[Exercise goal]:
Below are the records; restate word for word the lines from the first through the one containing "Fotografie cu White", and only those.

[Entries supplied]:
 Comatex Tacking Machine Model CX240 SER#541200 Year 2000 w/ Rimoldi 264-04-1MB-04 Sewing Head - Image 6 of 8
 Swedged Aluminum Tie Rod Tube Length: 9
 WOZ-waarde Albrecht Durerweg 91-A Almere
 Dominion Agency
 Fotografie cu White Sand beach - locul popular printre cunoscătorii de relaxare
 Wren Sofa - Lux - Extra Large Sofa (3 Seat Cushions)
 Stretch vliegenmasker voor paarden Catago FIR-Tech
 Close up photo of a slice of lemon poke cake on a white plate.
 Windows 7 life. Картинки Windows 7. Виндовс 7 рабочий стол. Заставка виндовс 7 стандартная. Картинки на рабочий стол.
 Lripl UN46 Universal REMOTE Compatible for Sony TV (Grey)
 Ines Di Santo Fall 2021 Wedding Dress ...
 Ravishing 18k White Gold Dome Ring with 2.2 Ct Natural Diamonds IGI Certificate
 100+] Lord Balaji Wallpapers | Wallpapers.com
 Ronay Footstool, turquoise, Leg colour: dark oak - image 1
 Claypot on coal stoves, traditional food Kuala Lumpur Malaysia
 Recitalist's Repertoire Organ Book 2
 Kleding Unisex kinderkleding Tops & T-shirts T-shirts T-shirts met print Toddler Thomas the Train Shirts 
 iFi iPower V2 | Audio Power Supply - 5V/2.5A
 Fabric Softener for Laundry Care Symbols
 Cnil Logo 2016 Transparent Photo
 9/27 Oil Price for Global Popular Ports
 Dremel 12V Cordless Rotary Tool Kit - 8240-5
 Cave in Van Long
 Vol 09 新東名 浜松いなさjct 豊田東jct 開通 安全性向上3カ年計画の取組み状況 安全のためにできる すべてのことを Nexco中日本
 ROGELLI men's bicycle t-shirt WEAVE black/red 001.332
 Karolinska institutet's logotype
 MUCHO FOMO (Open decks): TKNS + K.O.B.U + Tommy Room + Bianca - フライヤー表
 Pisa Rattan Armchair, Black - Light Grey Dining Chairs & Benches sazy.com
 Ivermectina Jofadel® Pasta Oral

[Response]:
 Comatex Tacking Machine Model CX240 SER#541200 Year 2000 w/ Rimoldi 264-04-1MB-04 Sewing Head - Image 6 of 8
 Swedged Aluminum Tie Rod Tube Length: 9
 WOZ-waarde Albrecht Durerweg 91-A Almere
 Dominion Agency
 Fotografie cu White Sand beach - locul popular printre cunoscătorii de relaxare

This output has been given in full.